WASHINGTON (AP) — Special Counsel Robert Hur on Thursday released his long-awaited report on President Joe Biden’s handling of classified documents, concluding that Biden had “willfully” retained and disclosed highly classified materials when he was a private citizen. The report also highlighted Biden’s confusion and “significantly limited” recalls of events related to the documents, saying he came across in interviews as “a sympathetic, well-meaning, elderly man with a poor memory.” The report concluded that Biden should not be charged with a crime, a key difference from Donald Trump’s situation.
Some takeaways from the 345-page report:
Even though it recommends no criminal charges, the Hur report does damage to Biden’s case that he brings normalcy to the presidency after the chaos of Trump’s tenure.
Images of federal agents finding a classified Biden memo on Afghanistan from his time as vice president stashed in his Delaware garage work against the Democratic president’s argument that he’s a more competent chief executive and a more careful steward of the nation’s secrets than Trump.
Trump is under criminal indictment for knowingly hanging on to to classified records at his Mar-a-Lago estate in Florida and resisting turning them over, perhaps the most damning — and stickiest — of the four criminal cases against him. Biden, for his part, faces no charges.
Weeks after the FBI searched Trump’s private residence and turned up classified documents, Biden slammed his predecessor as “totally irresponsible.”
As Biden ramps up his 2024 reelection campaign — and his case against Trump — he’s not likely to try that argument again.
The 81-year-old Biden was already dogged by questions about whether he’s too old to serve a second term. The special counsel report will hardly be helpful to Biden on that count.
Hur noted that “Mr. Biden’s memory was significantly limited” in interviews with the special counsel office as well as with a ghostwriter that Biden worked with.
In his interview with the special counsel’s office, Hur writes, Biden twice appeared confused about when his term as vice president ended. The report notes that Biden, who speaks frequently about his son Beau’s death, could not remember “even within several years” when he died.

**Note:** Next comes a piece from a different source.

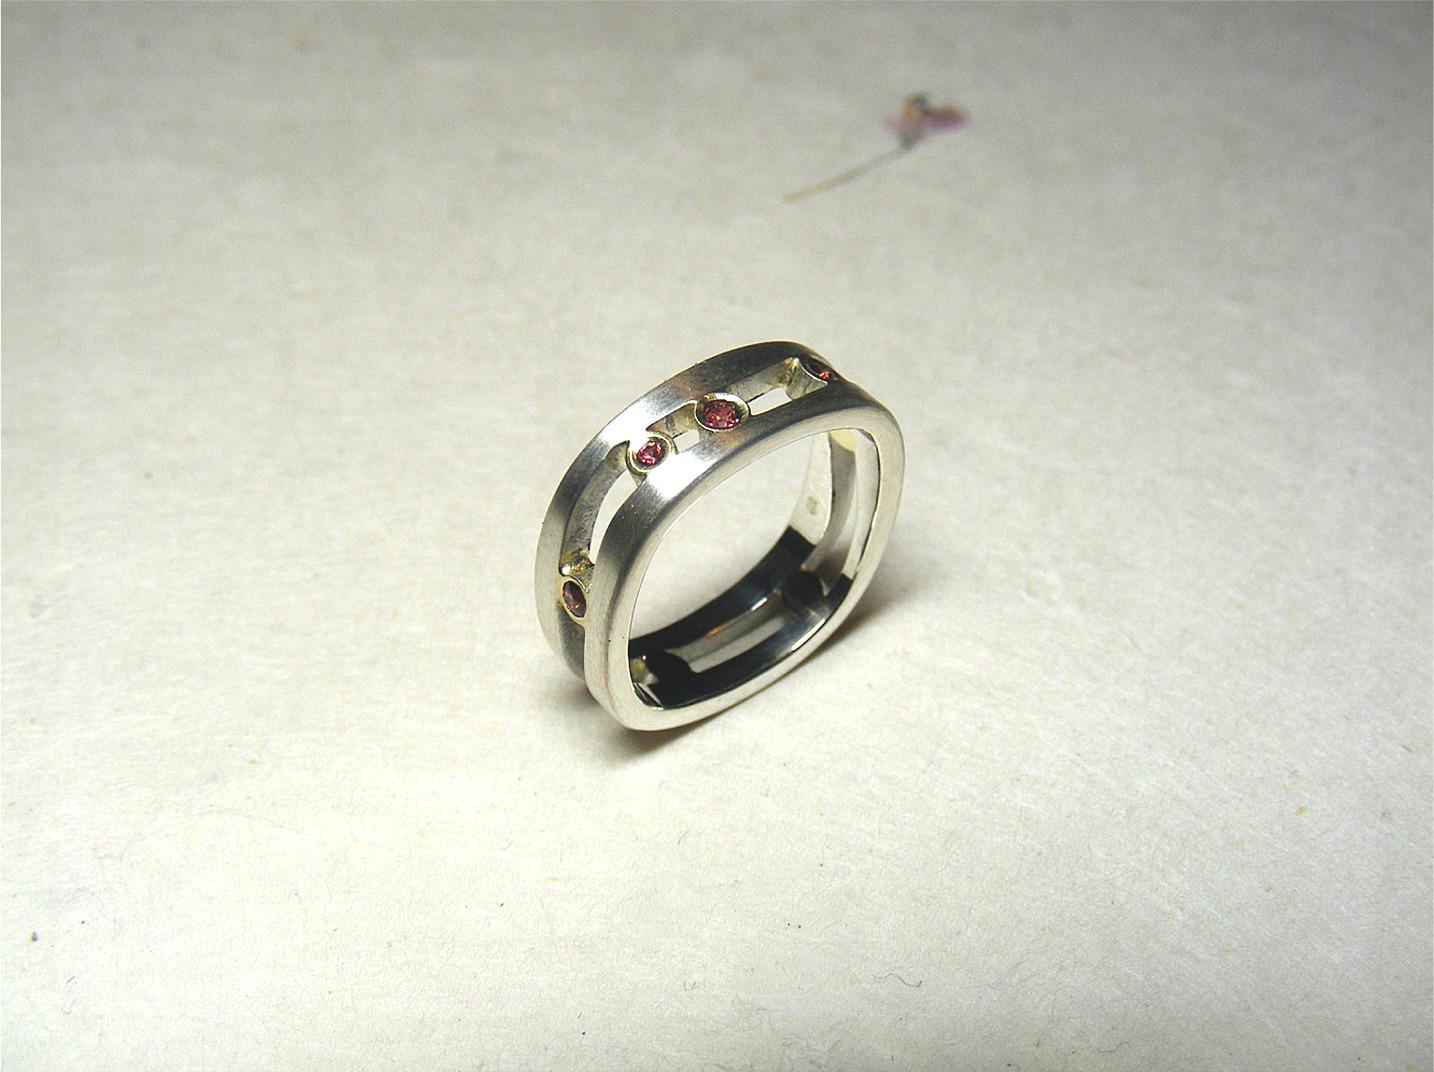 zilver, 14kt geelgoud en roodbruine korunden

“And his memory appeared hazy when describing the Afghanistan debate that was once so important to him,” the report said. “Among other things, he mistakenly said he ‘had a real difference’ of opinion with General Karl Eikenberry, when, in fact, Eikenberry was an ally whom Mr. Biden cited approvingly in his Thanksgiving memo to President Obama.”
Polls have shown that many Americans, including Democrats, have concerns about Biden’s age. He would be 86 at the end of his second term if reelected.
Biden was absolved of criminal behavior, but it’s Trump who may benefit.
The Republican former president, who is on a glidepath to his party’s nomination this year, has been charged with dozens of felony counts related to his handling of classified materials stored at his Florida estate after leaving the White House. Trump has been crying foul on the campaign trail for much of the last year, noting that Biden had also stored classified materials in his garage.
Thursday’s report will have little bearing on Trump’s legal case, but it makes his political argument stronger.
There are, of course, stark differences between how Trump and Biden navigated their classified document cases. Biden cooperated with authorities. Trump fought them to the point that the investigators had to get a court order to search his home in Florida after he repeatedly rebuffed requests for the documents.
Still, Trump can now cite special counsel Robert Hur’s finding that Biden retained and disclosed highly classified materials. And Trump can at least muddy the Democrats’ argument that he alone represents a threat to democracy. Trump campaign spokesman Jason Miller simply shared a smiley face in one social media post responding to Hur’s report.
But Trump still has another important hurdle: special counsel Jack Smith’s investigation in Washington that charges Trump with crimes for his role in the January 6, 2021, attack on the U.S. Capitol.
The parallels are striking.
An embattled candidate Trump was struggling under the weight of mounting political crises on the eve of the general election that year when federal prosecutors made an unusual announcement about his Democratic opponent’s handling of classified documents: Hillary Clinton’s emails.
In late October of 2016, FBI Director James Comey announced that Clinton would not face criminal charges, but had made a “serious error of judgment” in her handling of State Department emails on her private email server. It was a legal victory for her. But the politics were bad for Democrats.
Some are convinced that Comey’s decision to criticize Clinton so openly — even while ruling out criminality — ultimately enabled Trump’s victory.
The timing is dramatically different this time.
Comey’s announcement was just 11 days before the 2016 general election, while Thursday’s comes nine months before Election Day 2024. That gives Biden’s campaign a lot more time to do what Clinton could not — convince voters that the legal victory is what matters.